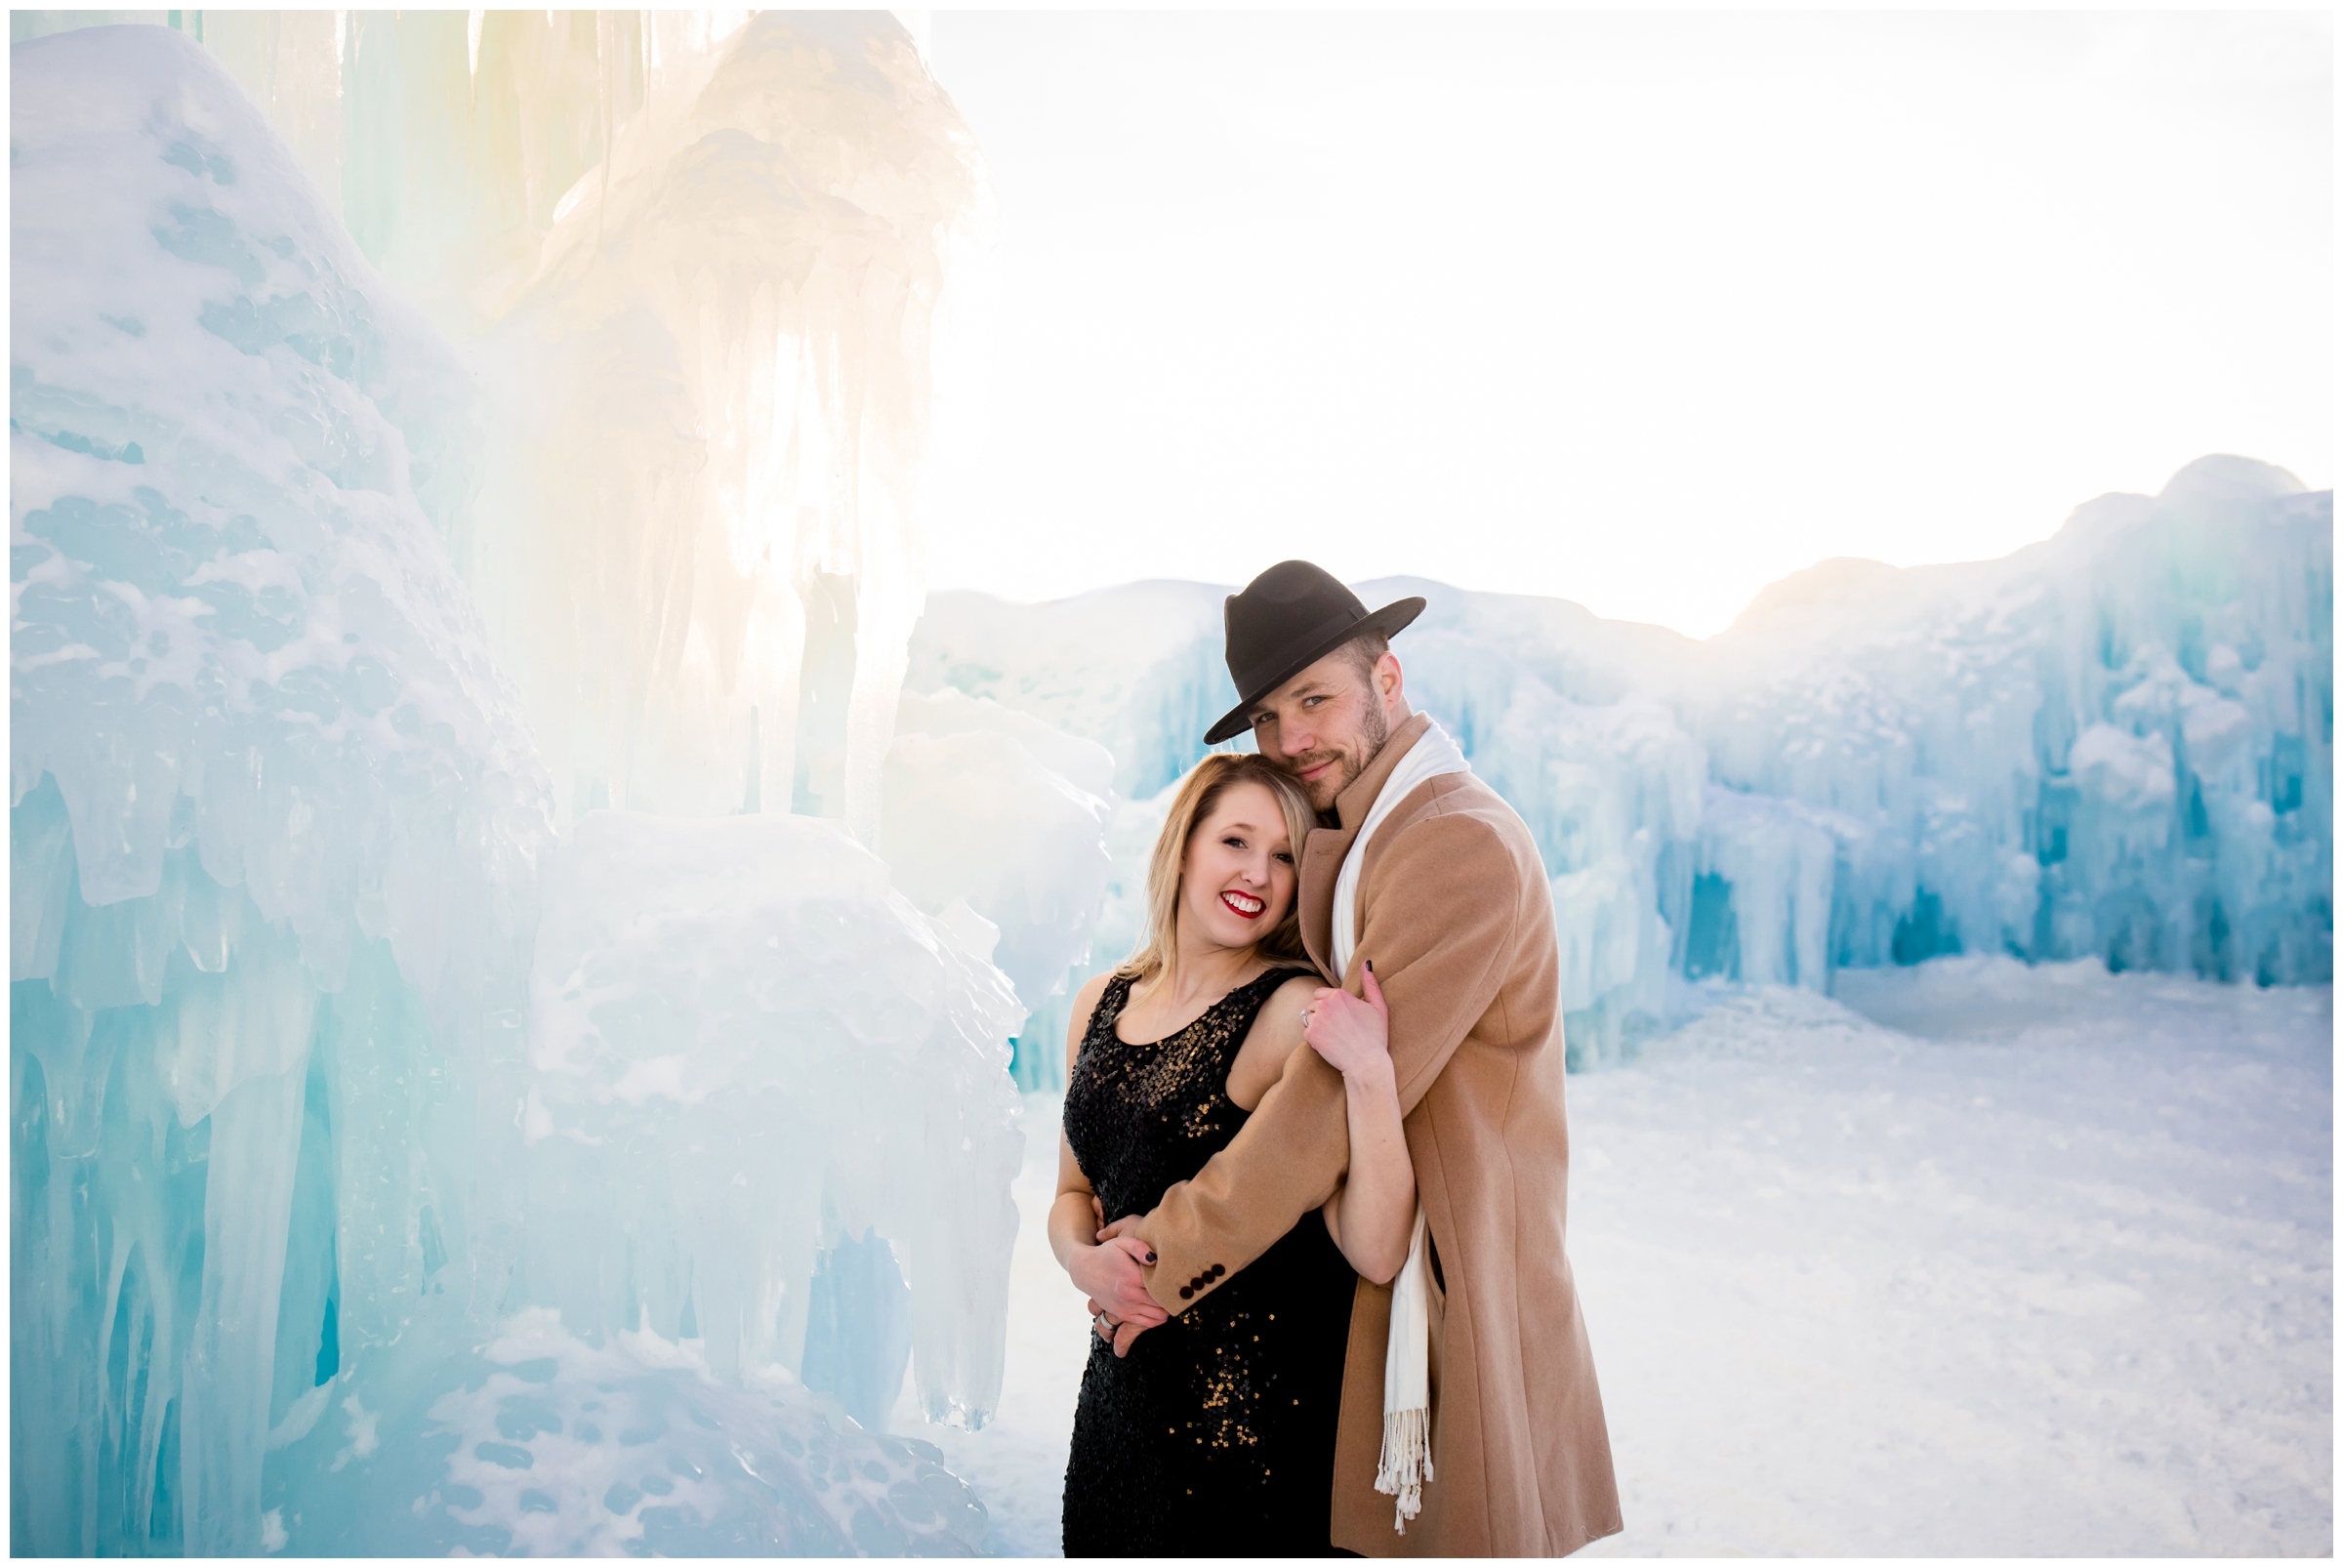 Breckenridge engagement photographs at the Colorado ice castles. Winter couple's portraits by Denver photographer Plum Pretty Photography.
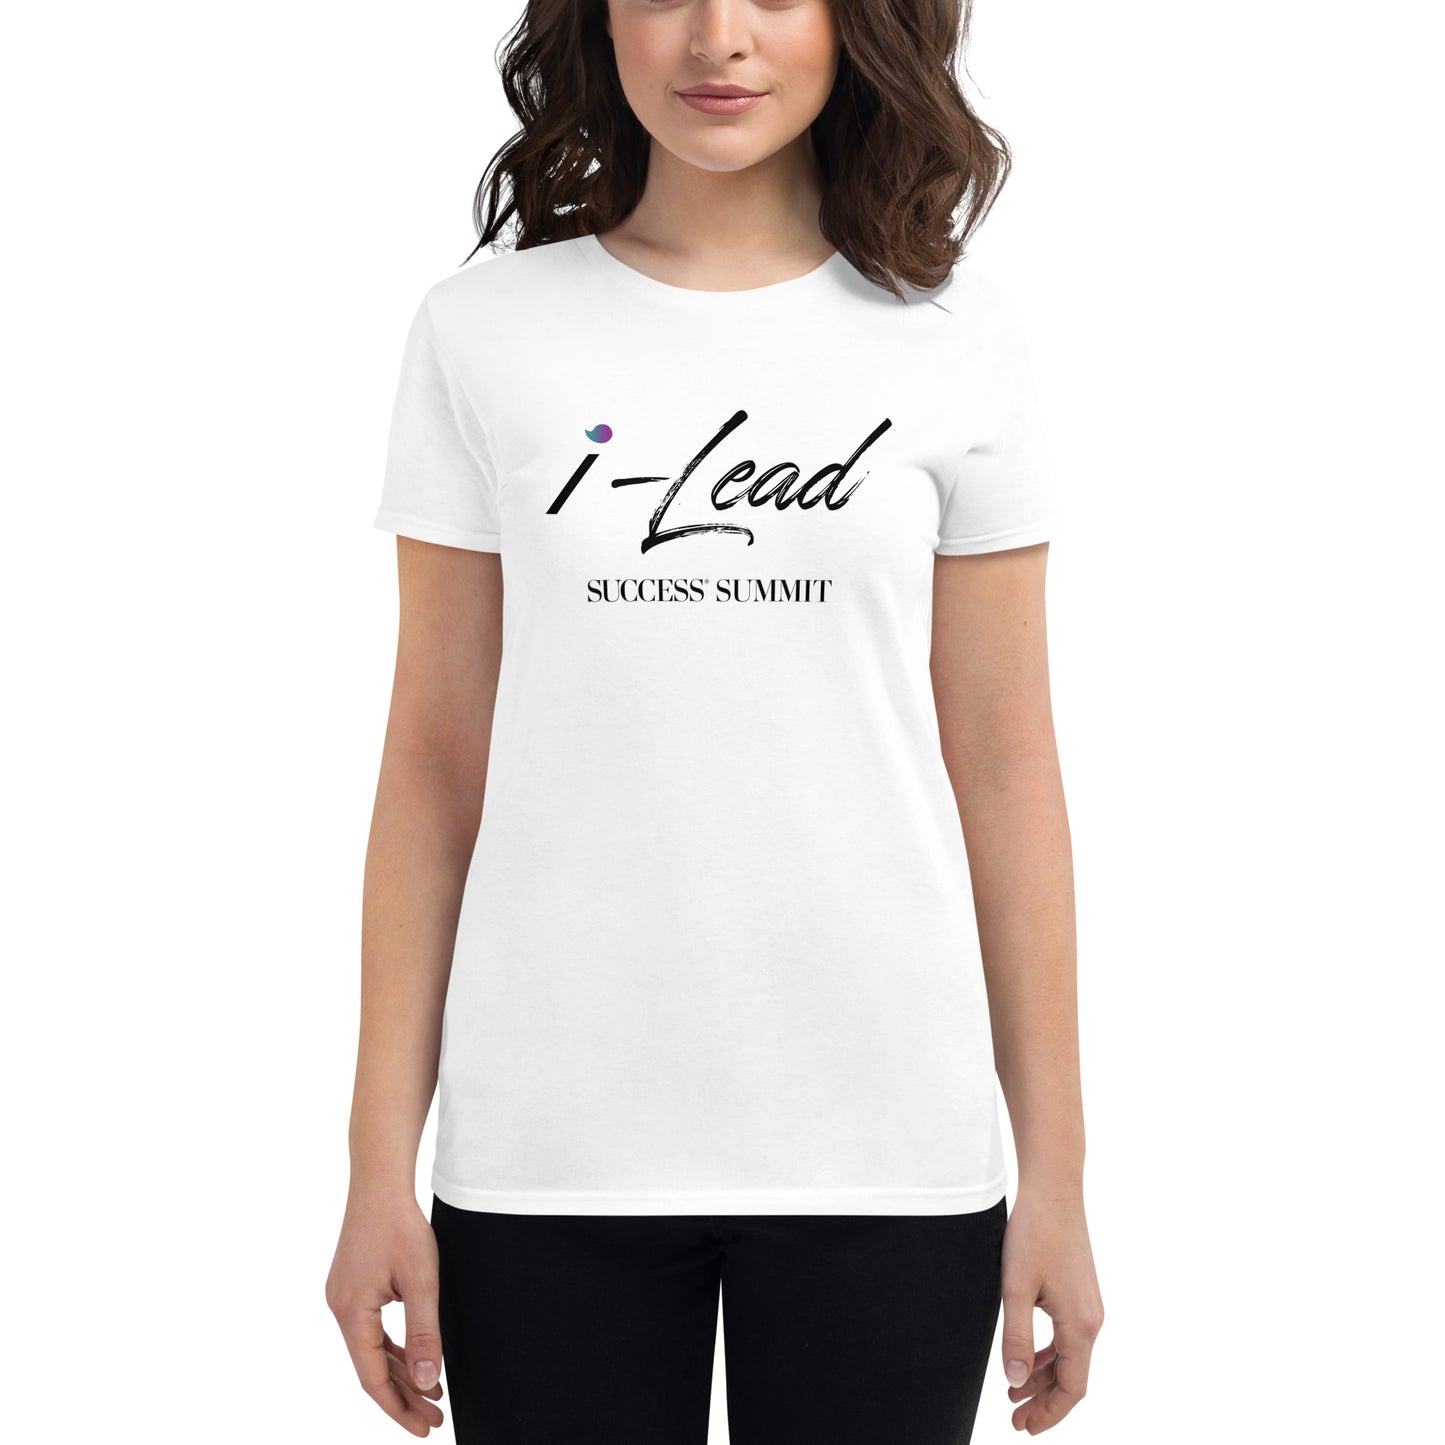 i-LEAD SUCCESS Summit women's short sleeve t-shirt
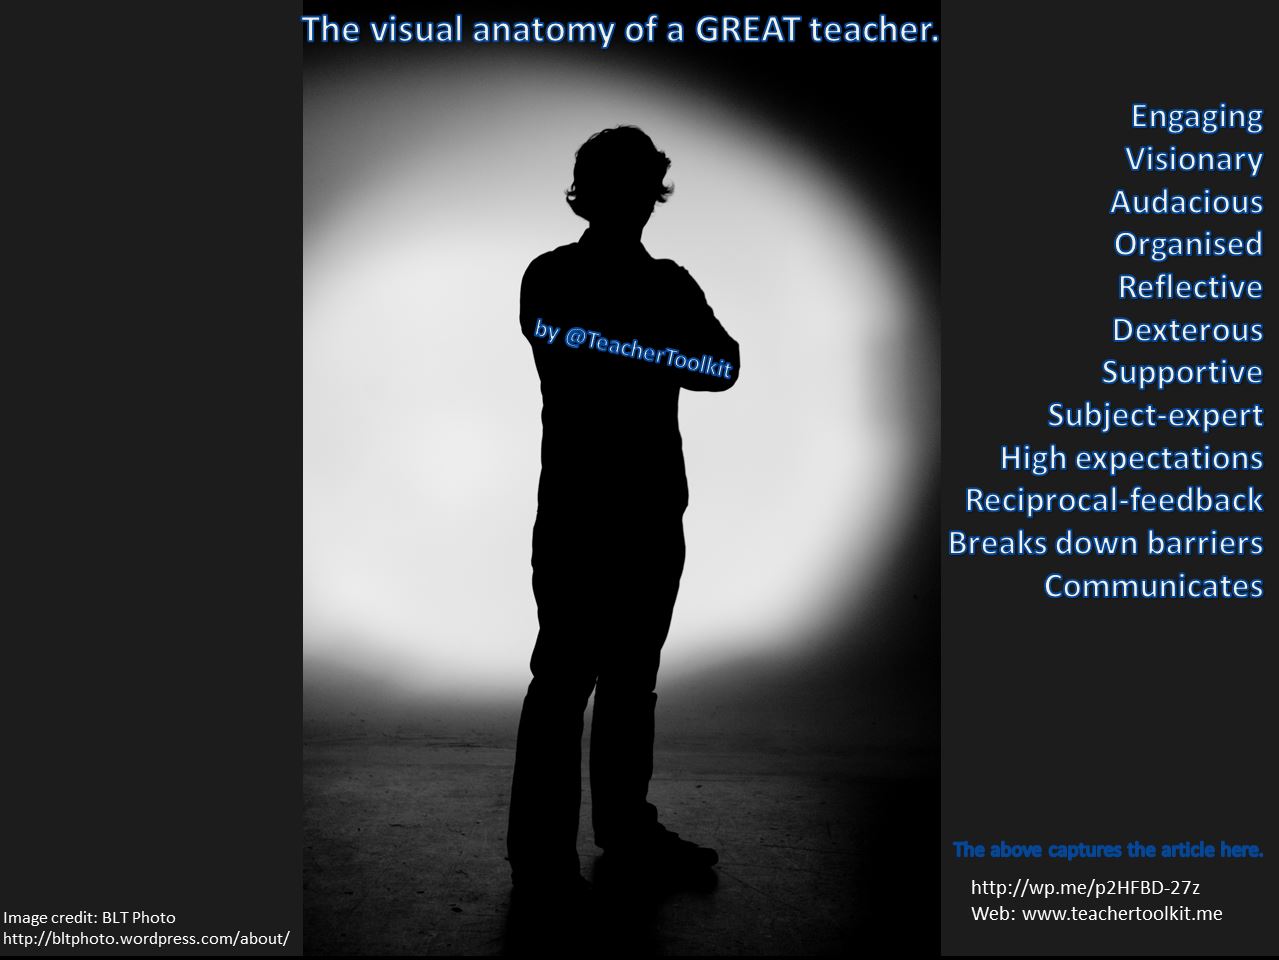 The visual anatomy of great teacher by @TeacherToolkit

**What is required**
Without changing a word, retype the data above and omit its pictures.

**Worked solution**
 Breckenridge engagement photographs at the Colorado ice castles. Winter couple's portraits by Denver photographer Plum Pretty Photography.
 i-LEAD SUCCESS Summit women's short sleeve t-shirt
 The visual anatomy of great teacher by @TeacherToolkit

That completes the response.